Я только в 10-м классе понял, что хочу стать филологом.

— А как это случилось?

— Во-первых, я сменил школу. Я перешел в школу №1553 им. Вернадского. Тогда это была маленькая и очень молодая школа. Учитель русского языка и учитель литературы у нас были разные люди. Екатерина Роландовна Добрушина и Надежда Владиславовна Свешникова. И они нам показали, что филология — это вообще не про то, что мы до этого изучали в школе, они показали научный тип мышления. Мне показалось это очень интересным.

Выяснилось, что русский язык не про «выучить правила и исключения», его можно исследовать и понимать, находить закономерности. И что литература — это не типовые сочинения «Сначала опиши снежинку, а потом выскажи отношение к ней», это интересные конструкции и смыслы, которые к тому же ложатся на то, о чем ты думаешь сам.

Если бы у меня были традиционные школьные русский и литература, из серии «прочитайте — перескажите», то я бы не выбрал эту сферу для себя.

Кто-то должен был показать, что в языкознании и литературоведении есть классное научное содержание, и оно меня заинтересовало. И я ни разу в жизни не пожалел, что я сделал такой экстравагантный для моей семьи выбор.
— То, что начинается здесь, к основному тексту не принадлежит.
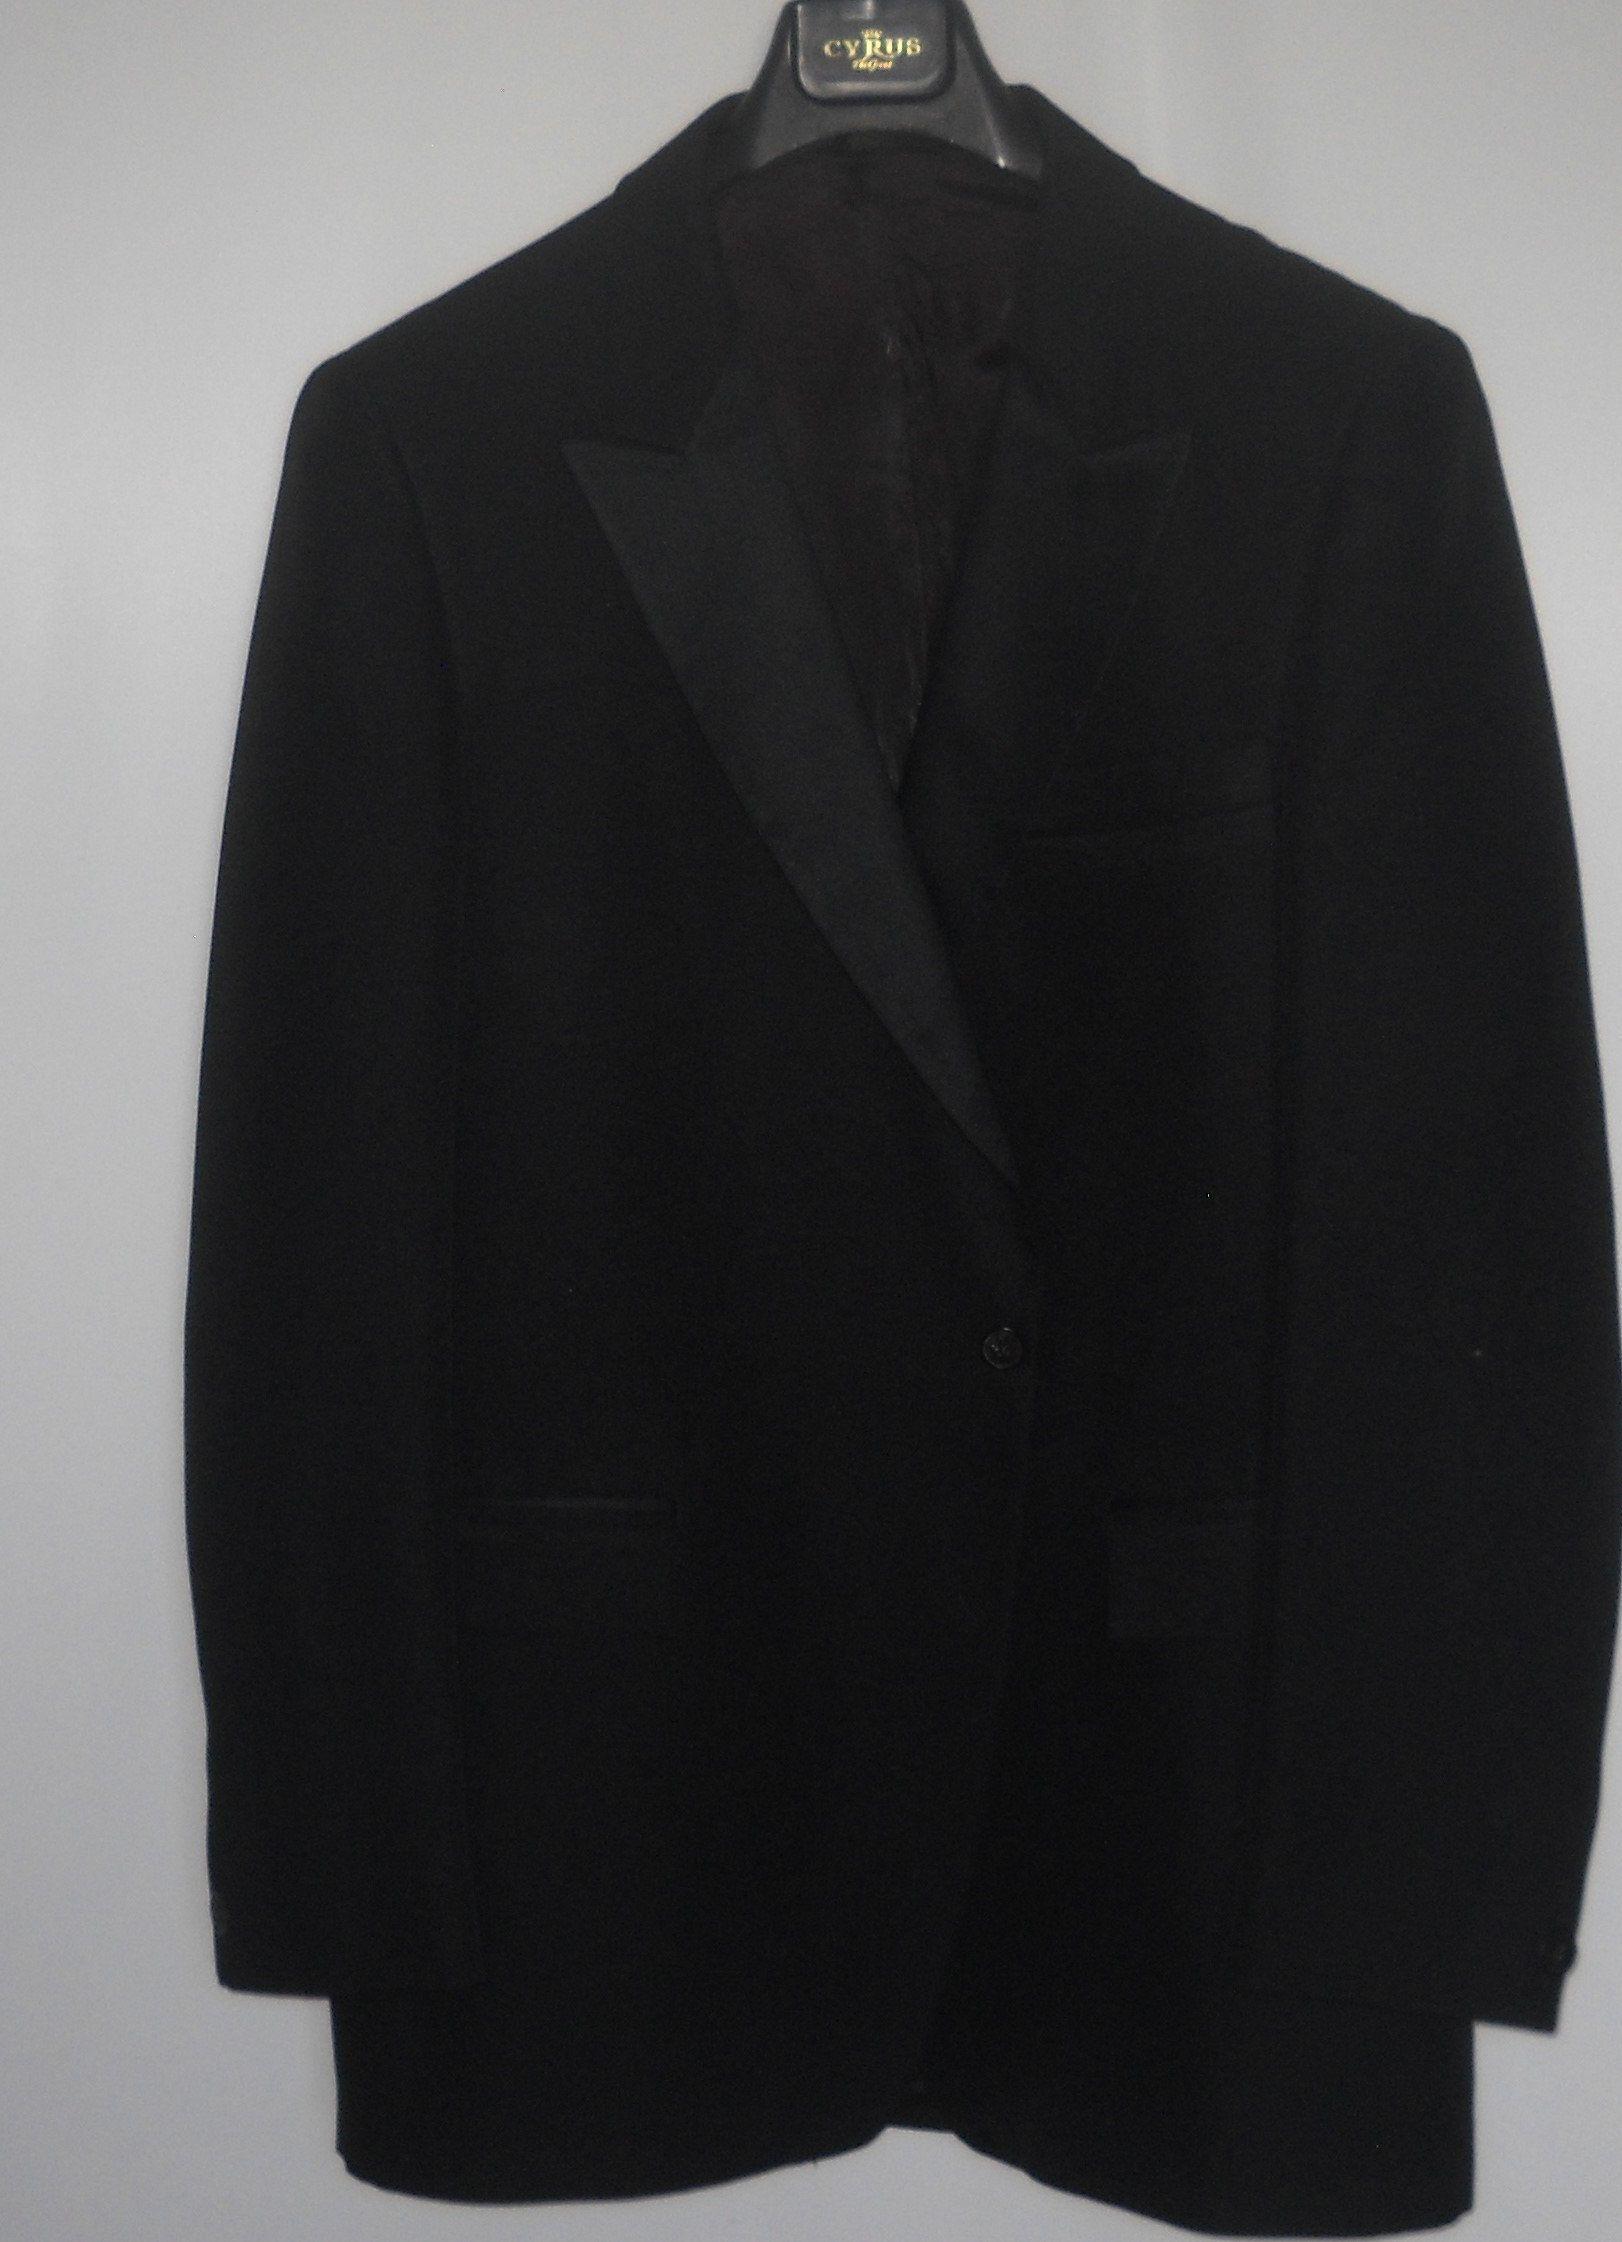 44L Long formal tuxedo jacket black After Six Burberry's 1

Мои родители химики.

— Я помню, что на аттестации на должность директора школы вас спрашивали с недоверием: «Вы филолог. А как у вас с математикой? Все-таки директор школы — это бюджет, деньги, это надо все считать…» И вы очень уверенно ответили, что с математикой у вас проблем никогда не было.

— Да, у меня был потрясающий учитель математики. Дмитрий Юрьевич Ногин. У меня никогда не было пятерки, но уроки математики мне многое дали, потому что учитель вместе с нами реконструировал понятия, выводил теоремы, а не давал что-то запомнить и выучить. Мы могли много времени потратить на то, чтобы вывести теорему, и только в конце Дмитрий Юрьевич говорил: «Если вы не можете это понять, то это надо запомнить».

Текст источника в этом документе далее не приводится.